Overall: Complex. Expensive. Unlikely to fit on a double-sided 17mm driver. But:

  • peak power is top notch
  • peak regulated power is top notch
  • bottom power is top notch
  • efficiency is top notch

W/out the buck driver, the points 1,2,3 would look the same in a simpler, smaller and cheaper driver. But efficiency at low modes won’t be top notch. So I view that as the high-end choice for 1S 3V lights where it’s not too large….which is quite a lot of lights.

Did he mean WiFi?

The following is of course just an opinion. Take it, build upon it or leave it.

Lots of people here are keen with the MOSFET driver idea. Such idea is not a fit for everyone or any case. It is unregulated and overall limited, and requires careful assessment of all components as there's chance to make the emitter operate with too much current (past optimal zones) or even fry it. Of course I can understand the people here aims for hybrid drivers, but this would require for the driver to know when to switch operating modes… ( ͡° ͜ʖ ͡°)

As far as I understand the MOSFET thing is clearly superseded with a proper linear design, a MOSFET linear design like led4power designs or the LD-25 (reviews: there and here).

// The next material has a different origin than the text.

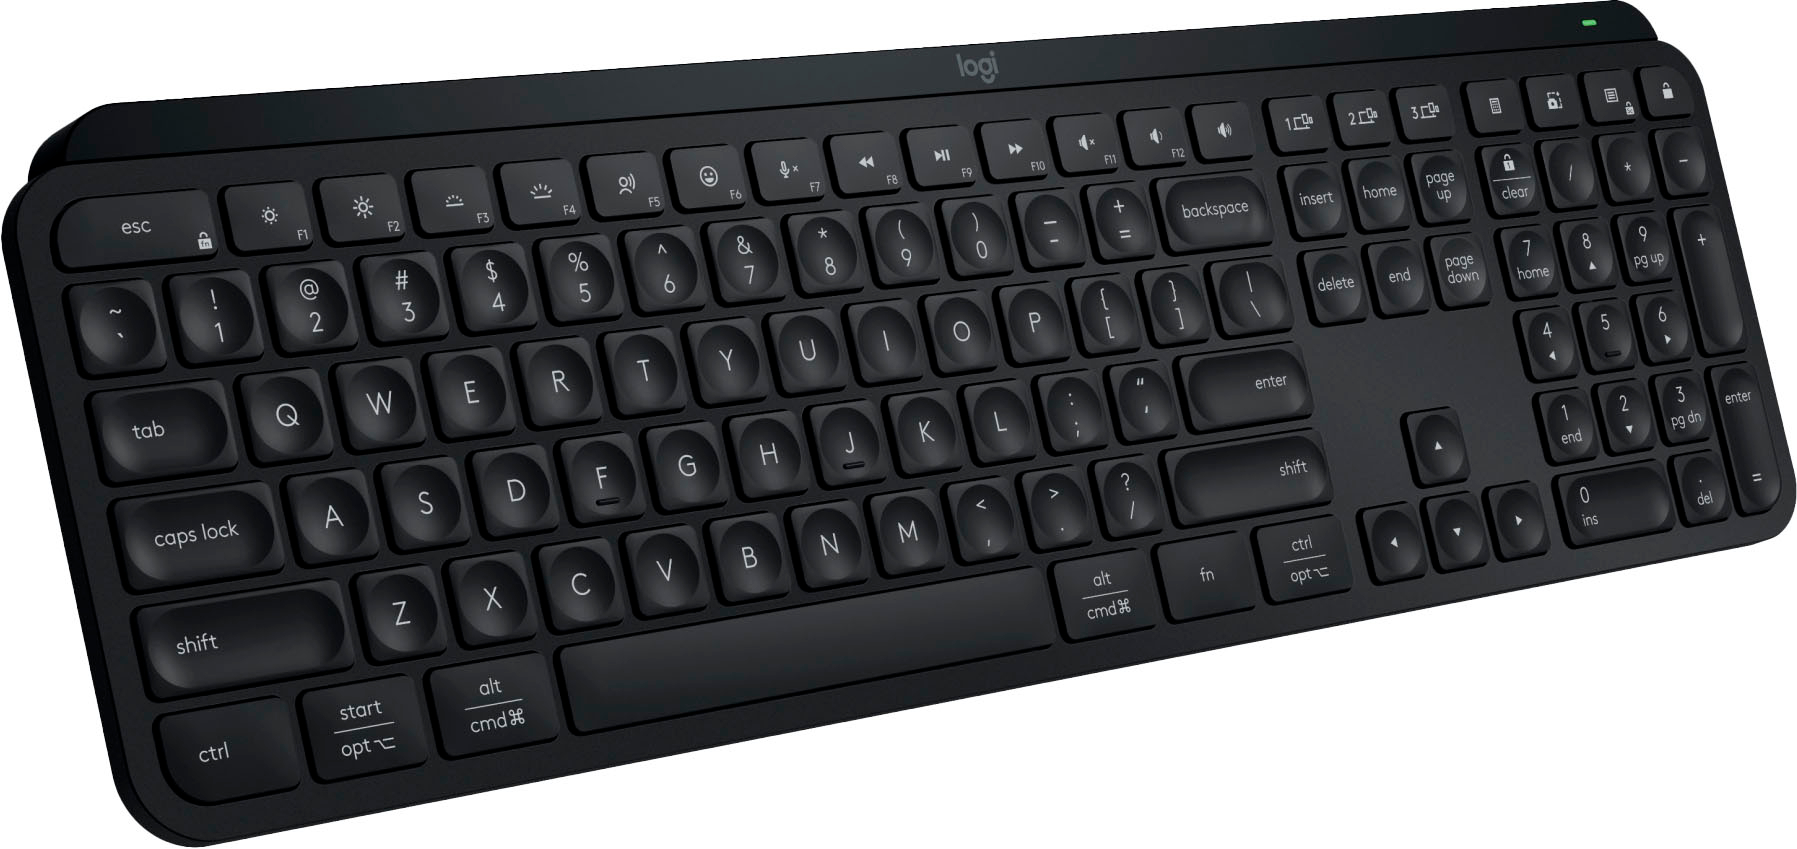 Logitech MX Mechanical Keyboard review: A smart keyboard for work

I also gets rid of PWM annoyances.

A proper linear design uses a suitable MOSFET and a current sense element. Selecting a proper tiny value current sense element is key, notice how the latest LD-25 does with just 10mΩ. This is key for high power output. Since dissipated power at the sense element is P = I² × R even smaller values may be due.

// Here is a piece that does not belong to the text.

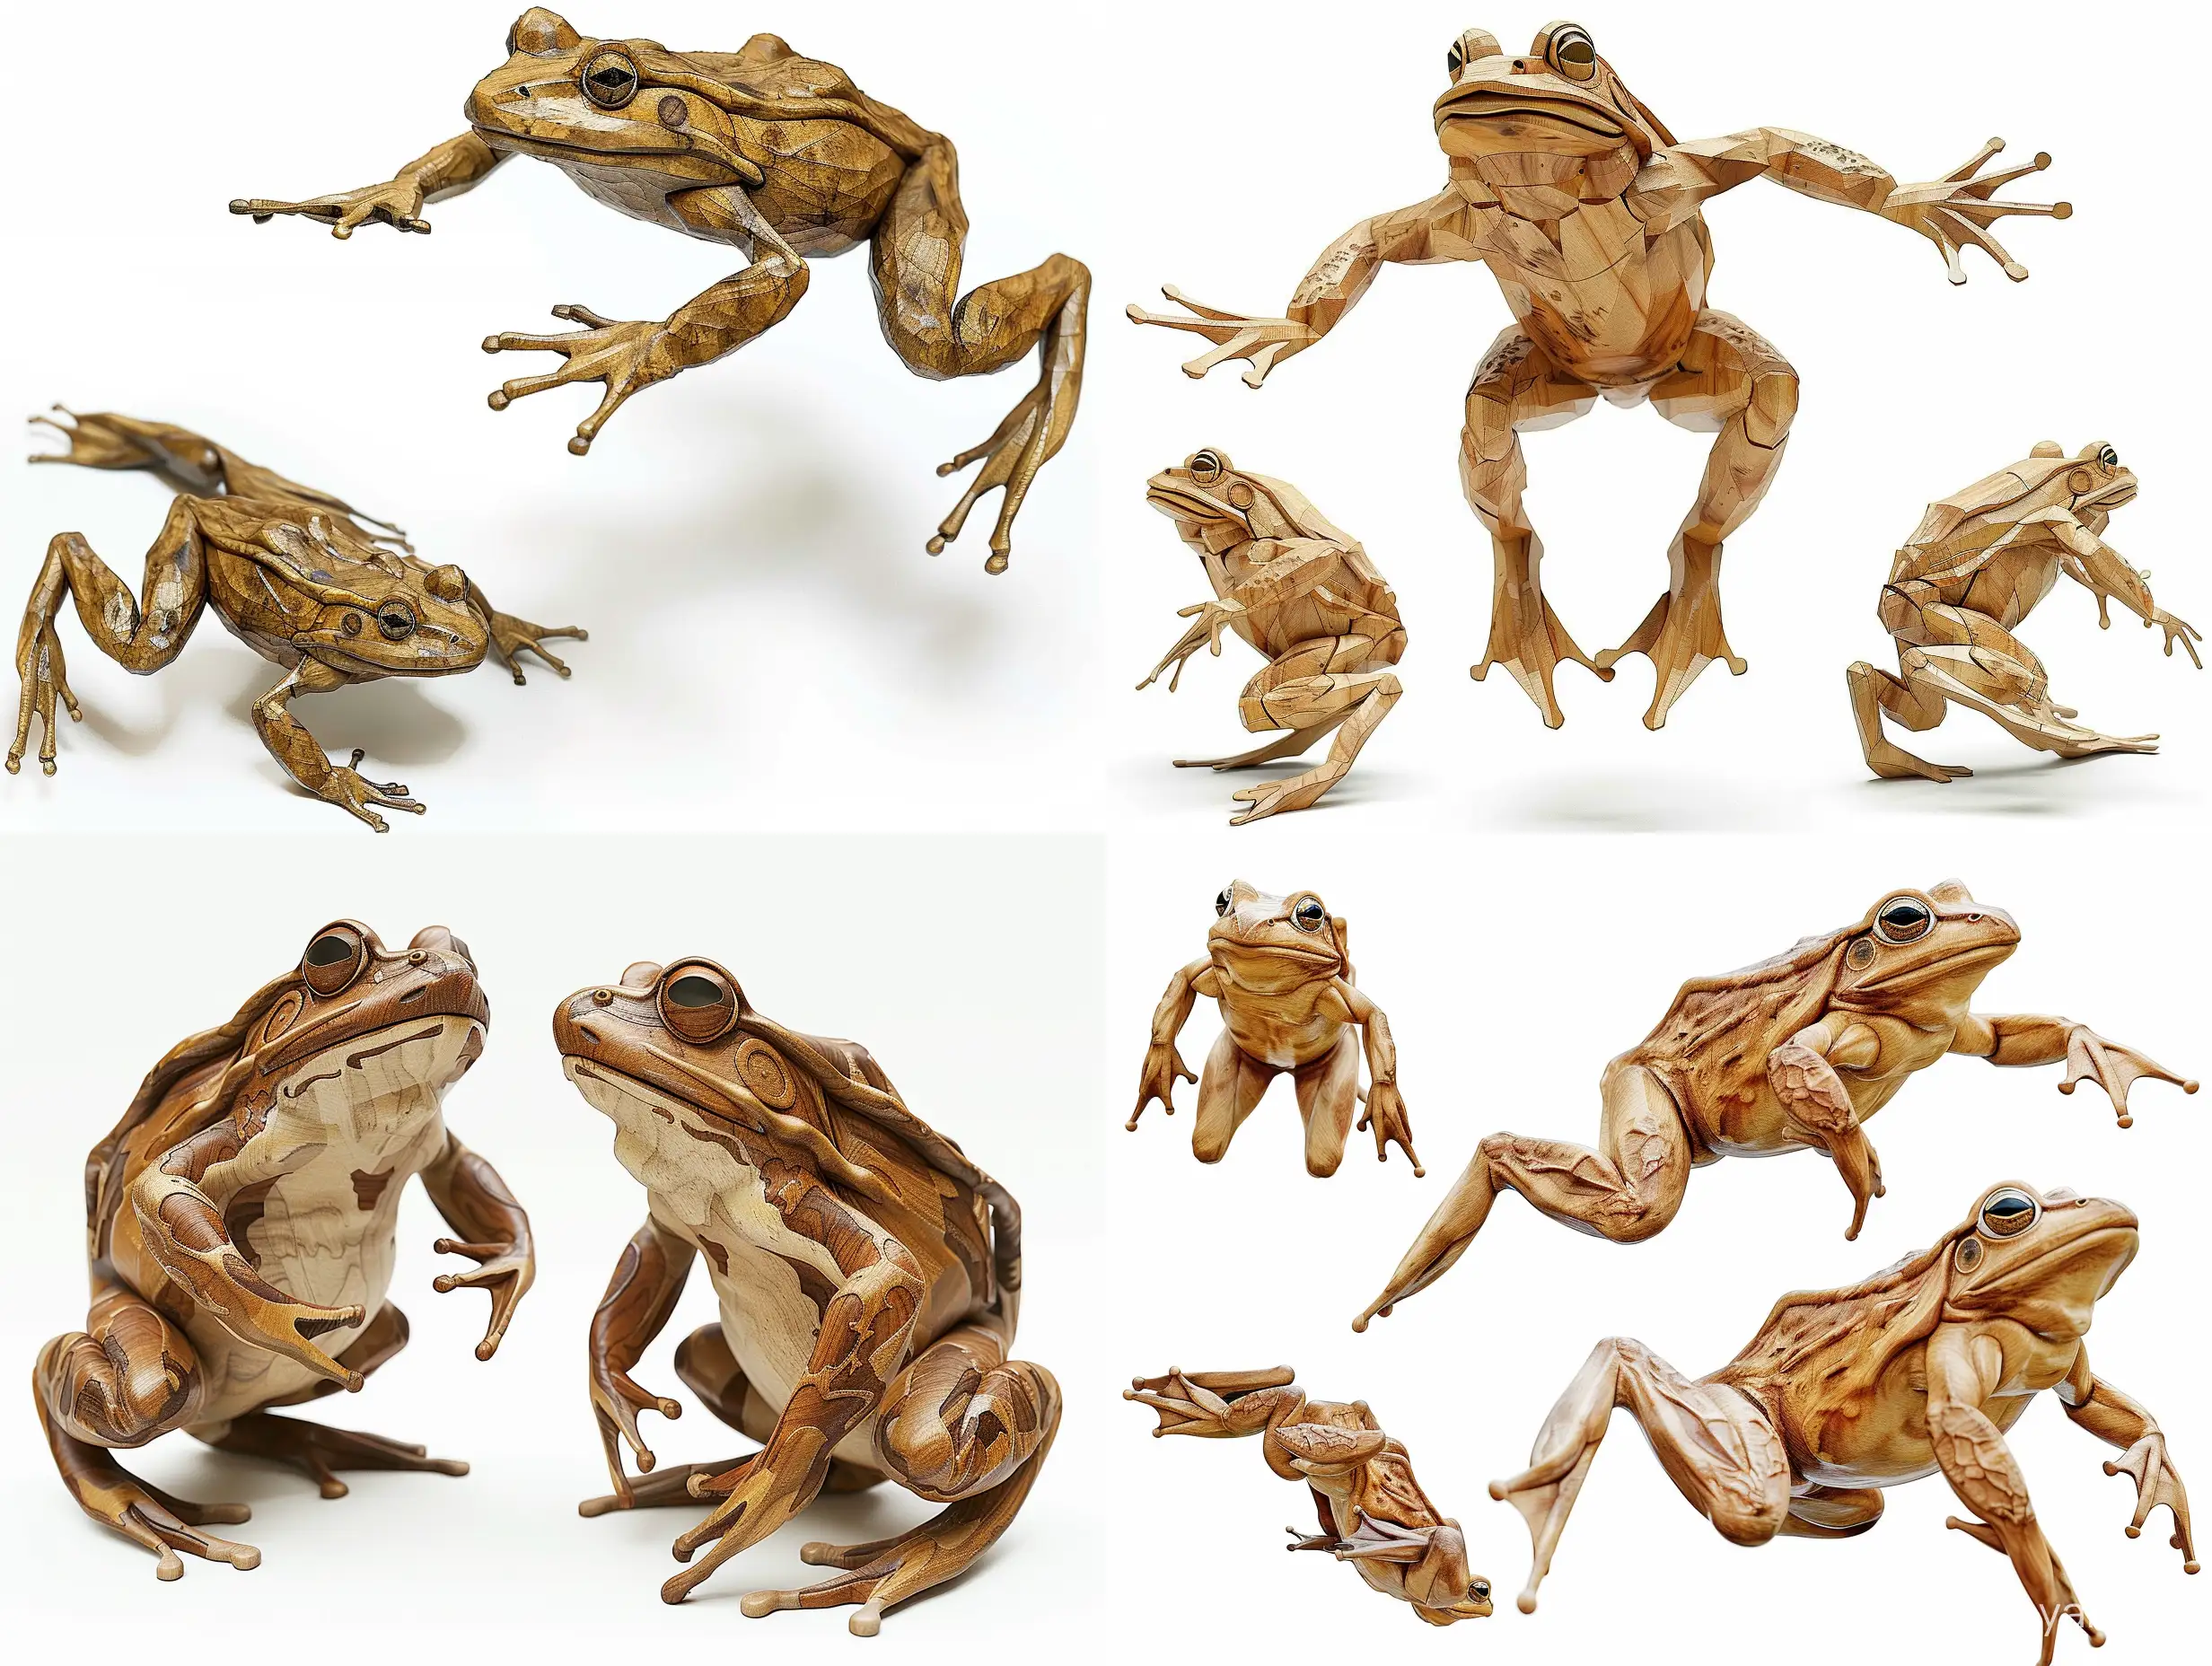 Dynamic-Wooden-Frog-Sculpture-Realistic-8k-Render-in-Multiple-Views

Anyway, I'd say the best option is a buck boost design. If you really like to go nuts and “fry” your emitters, oversizing the components and removal of the whole constant current logic could be done for regulated drivers, and leave you selecting desired output voltages for the different modes through some way like adjusting current in LD-25s (a constant voltage supply).

Cheers ^:)

It seems there’s some work on updi in avrdude:
https://github.com/facchinm/avrdude/search?p=1&q=updi&unscoped_q=updi
I see on avrdude that some people are using it though I fail to understand the details.

Maybe missing PIC microcontrollers' love: programmers, people making ports of existing code for other chips and such.

Plenty of PIC micros in many drivers.

Regarding software names, calling software Anduril or Narsil just sounds @#$% to me. I prefer descriptive and senseful terminology, plus detailed version numbers.

Are there any 15mm drivers with Anduril installed?

There are some TA 15mm designs that could have anduril flashed to them.

Lexel most likely offers them pre-made as well.